» **Activity**:
Below this line is a set of entries; quote exactly the lines from the line that contains "Коллекция ткани Инарис" to the line that contains "年収・男女比・平均年齢 etc.『数字で見る介護職』", both lines included.

» **Record excerpts**:
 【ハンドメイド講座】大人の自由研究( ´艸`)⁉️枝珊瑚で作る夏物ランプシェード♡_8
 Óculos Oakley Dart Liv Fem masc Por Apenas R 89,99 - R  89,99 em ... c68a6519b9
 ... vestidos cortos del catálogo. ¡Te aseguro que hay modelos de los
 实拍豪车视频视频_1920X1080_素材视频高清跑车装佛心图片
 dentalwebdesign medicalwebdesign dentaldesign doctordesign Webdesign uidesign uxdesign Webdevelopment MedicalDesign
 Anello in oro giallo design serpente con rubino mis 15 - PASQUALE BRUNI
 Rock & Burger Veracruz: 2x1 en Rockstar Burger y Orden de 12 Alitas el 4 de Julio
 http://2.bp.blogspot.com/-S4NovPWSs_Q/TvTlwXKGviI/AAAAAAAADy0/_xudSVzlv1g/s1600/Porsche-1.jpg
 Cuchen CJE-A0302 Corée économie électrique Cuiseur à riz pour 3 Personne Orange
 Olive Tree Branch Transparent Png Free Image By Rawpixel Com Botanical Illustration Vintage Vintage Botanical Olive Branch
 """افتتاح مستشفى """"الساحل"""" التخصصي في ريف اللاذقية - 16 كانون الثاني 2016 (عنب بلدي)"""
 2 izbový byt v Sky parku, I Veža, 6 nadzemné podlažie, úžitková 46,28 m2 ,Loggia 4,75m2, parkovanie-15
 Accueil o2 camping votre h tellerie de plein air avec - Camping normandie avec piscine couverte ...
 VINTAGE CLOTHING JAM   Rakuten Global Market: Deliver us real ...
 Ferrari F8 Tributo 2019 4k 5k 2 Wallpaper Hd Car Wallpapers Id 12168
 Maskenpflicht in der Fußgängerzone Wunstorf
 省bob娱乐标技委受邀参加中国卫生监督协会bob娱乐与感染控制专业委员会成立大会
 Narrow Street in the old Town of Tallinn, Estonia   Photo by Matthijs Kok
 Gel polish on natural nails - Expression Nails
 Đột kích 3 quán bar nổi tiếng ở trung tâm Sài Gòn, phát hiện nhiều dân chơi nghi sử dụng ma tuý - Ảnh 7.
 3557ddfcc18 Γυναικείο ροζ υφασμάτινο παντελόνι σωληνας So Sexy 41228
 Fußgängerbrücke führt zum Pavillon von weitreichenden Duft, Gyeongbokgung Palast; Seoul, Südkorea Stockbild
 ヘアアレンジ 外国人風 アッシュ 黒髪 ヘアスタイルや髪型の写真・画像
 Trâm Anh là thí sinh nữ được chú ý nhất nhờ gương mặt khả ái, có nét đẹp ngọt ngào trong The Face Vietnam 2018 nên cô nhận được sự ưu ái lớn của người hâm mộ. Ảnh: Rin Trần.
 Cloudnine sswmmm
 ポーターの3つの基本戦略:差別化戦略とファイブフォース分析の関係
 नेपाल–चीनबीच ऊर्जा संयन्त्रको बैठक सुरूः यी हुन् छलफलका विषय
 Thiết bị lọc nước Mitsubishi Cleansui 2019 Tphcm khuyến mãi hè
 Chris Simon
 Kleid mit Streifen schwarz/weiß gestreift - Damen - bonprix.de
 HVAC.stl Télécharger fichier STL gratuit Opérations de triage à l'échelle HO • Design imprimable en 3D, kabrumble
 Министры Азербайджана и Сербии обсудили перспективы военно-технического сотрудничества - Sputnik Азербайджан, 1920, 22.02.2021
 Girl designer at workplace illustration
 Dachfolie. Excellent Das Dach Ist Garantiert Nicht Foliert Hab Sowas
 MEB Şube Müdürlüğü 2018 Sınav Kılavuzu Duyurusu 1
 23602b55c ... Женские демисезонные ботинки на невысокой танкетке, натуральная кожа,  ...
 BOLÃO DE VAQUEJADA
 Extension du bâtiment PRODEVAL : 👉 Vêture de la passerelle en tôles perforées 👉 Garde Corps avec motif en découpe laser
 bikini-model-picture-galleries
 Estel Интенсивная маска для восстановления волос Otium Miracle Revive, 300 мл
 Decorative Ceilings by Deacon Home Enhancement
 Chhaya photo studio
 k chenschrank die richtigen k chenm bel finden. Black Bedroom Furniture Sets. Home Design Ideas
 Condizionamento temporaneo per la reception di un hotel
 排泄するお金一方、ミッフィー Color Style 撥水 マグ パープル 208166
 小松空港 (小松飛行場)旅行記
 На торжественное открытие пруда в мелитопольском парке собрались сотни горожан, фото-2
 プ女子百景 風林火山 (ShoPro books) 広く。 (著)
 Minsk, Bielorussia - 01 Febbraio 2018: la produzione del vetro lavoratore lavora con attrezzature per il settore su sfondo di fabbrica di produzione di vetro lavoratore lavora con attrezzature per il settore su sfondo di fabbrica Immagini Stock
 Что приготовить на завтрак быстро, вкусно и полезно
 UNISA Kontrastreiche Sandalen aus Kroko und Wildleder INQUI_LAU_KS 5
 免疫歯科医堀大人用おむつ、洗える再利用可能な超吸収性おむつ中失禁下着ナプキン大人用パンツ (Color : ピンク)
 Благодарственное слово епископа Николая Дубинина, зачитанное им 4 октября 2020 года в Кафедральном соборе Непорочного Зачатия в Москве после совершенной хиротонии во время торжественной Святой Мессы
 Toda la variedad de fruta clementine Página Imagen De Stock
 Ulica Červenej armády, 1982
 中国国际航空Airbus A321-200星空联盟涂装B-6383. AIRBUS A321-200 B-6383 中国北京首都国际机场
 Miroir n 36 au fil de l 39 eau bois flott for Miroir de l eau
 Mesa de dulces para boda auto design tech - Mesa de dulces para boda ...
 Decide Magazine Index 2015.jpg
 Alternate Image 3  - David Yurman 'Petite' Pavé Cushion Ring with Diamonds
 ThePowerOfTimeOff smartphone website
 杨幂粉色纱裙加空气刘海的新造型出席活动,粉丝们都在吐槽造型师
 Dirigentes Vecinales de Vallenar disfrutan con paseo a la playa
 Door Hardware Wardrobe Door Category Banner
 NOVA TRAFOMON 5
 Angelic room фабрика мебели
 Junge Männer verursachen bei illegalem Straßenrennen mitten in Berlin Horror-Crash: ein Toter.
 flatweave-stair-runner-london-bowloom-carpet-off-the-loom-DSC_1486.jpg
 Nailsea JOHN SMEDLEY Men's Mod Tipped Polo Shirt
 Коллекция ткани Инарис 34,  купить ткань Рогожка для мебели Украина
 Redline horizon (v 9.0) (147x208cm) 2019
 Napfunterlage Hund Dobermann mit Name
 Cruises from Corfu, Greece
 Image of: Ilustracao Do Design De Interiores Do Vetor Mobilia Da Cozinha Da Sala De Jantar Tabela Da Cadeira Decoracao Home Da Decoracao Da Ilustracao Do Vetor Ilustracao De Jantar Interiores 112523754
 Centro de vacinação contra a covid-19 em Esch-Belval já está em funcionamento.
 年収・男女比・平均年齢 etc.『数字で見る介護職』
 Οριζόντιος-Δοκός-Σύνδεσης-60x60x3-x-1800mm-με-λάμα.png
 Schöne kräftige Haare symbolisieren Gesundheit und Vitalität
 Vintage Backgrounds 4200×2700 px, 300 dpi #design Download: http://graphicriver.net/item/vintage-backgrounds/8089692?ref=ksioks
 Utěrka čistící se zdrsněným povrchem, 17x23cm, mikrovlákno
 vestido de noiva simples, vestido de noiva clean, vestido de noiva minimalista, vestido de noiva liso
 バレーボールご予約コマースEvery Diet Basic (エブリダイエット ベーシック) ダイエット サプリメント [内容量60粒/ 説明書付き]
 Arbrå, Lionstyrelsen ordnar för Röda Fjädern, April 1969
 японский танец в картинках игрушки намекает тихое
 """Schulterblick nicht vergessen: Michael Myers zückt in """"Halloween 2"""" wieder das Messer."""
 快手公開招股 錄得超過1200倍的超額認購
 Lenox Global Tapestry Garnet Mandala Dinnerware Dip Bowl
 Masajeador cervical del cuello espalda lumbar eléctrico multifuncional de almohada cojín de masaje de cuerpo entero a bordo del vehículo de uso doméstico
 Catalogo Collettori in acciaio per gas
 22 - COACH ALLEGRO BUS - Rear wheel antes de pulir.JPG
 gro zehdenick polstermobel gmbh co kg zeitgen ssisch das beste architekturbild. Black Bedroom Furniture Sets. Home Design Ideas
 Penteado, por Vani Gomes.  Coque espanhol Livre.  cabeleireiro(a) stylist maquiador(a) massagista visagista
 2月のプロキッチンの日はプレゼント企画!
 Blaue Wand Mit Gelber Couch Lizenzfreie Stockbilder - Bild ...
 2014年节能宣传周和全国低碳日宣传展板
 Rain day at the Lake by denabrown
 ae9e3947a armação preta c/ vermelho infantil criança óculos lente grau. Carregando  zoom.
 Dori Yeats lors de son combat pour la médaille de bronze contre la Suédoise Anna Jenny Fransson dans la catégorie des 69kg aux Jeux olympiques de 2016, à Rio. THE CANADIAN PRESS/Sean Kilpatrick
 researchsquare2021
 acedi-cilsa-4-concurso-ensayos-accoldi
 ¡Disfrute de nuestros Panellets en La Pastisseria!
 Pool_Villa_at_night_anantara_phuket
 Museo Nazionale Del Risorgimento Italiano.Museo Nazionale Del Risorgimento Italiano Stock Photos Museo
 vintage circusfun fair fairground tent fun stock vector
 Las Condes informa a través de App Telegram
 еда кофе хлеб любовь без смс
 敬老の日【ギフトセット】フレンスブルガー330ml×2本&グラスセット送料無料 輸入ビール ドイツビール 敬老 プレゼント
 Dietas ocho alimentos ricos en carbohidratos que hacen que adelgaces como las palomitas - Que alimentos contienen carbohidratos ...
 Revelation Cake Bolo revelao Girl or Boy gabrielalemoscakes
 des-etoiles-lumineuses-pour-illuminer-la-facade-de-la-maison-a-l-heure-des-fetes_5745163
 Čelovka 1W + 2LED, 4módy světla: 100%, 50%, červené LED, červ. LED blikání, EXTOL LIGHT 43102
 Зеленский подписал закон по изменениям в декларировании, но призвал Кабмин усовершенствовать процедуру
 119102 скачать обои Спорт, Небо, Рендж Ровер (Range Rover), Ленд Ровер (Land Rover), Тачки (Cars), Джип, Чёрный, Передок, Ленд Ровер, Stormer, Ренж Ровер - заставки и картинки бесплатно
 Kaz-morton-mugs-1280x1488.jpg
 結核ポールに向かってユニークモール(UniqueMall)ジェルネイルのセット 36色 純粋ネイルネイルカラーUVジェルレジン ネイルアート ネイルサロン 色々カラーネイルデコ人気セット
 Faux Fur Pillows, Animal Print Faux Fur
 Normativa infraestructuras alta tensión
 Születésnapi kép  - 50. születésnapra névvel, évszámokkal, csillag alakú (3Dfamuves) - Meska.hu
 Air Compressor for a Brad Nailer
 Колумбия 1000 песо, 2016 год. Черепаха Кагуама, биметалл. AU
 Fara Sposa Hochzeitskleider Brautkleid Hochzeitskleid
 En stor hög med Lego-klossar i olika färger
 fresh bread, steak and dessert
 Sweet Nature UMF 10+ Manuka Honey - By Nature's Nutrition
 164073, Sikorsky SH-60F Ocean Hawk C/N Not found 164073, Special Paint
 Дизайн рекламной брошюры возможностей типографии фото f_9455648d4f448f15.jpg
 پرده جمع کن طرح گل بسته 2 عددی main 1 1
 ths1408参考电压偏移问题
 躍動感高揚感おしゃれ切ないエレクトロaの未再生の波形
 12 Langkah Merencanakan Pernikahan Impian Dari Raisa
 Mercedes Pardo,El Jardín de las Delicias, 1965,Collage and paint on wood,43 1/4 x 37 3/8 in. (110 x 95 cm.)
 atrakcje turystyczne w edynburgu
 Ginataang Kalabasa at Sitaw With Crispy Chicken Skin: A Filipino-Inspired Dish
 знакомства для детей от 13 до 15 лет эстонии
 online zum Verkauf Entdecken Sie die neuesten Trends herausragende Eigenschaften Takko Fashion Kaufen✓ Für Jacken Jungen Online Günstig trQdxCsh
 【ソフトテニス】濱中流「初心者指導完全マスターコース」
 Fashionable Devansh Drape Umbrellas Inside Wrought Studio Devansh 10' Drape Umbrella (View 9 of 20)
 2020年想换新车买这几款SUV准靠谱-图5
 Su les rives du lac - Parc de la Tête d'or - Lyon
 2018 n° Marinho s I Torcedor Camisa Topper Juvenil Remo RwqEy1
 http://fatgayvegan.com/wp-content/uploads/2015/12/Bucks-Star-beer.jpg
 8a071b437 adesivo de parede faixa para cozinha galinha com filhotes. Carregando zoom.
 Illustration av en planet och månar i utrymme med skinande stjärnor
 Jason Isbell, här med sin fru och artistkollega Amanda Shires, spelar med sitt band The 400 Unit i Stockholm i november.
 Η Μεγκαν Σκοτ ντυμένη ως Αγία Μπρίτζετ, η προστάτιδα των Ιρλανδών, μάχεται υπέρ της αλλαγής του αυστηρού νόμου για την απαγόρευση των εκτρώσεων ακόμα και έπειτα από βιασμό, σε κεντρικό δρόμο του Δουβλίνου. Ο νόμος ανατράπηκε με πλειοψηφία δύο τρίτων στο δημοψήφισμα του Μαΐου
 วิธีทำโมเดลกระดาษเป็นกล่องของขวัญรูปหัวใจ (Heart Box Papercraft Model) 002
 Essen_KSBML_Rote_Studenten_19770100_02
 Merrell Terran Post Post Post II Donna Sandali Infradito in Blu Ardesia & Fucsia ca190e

» **Solution to this exercise**:
 Коллекция ткани Инарис 34,  купить ткань Рогожка для мебели Украина
 Redline horizon (v 9.0) (147x208cm) 2019
 Napfunterlage Hund Dobermann mit Name
 Cruises from Corfu, Greece
 Image of: Ilustracao Do Design De Interiores Do Vetor Mobilia Da Cozinha Da Sala De Jantar Tabela Da Cadeira Decoracao Home Da Decoracao Da Ilustracao Do Vetor Ilustracao De Jantar Interiores 112523754
 Centro de vacinação contra a covid-19 em Esch-Belval já está em funcionamento.
 年収・男女比・平均年齢 etc.『数字で見る介護職』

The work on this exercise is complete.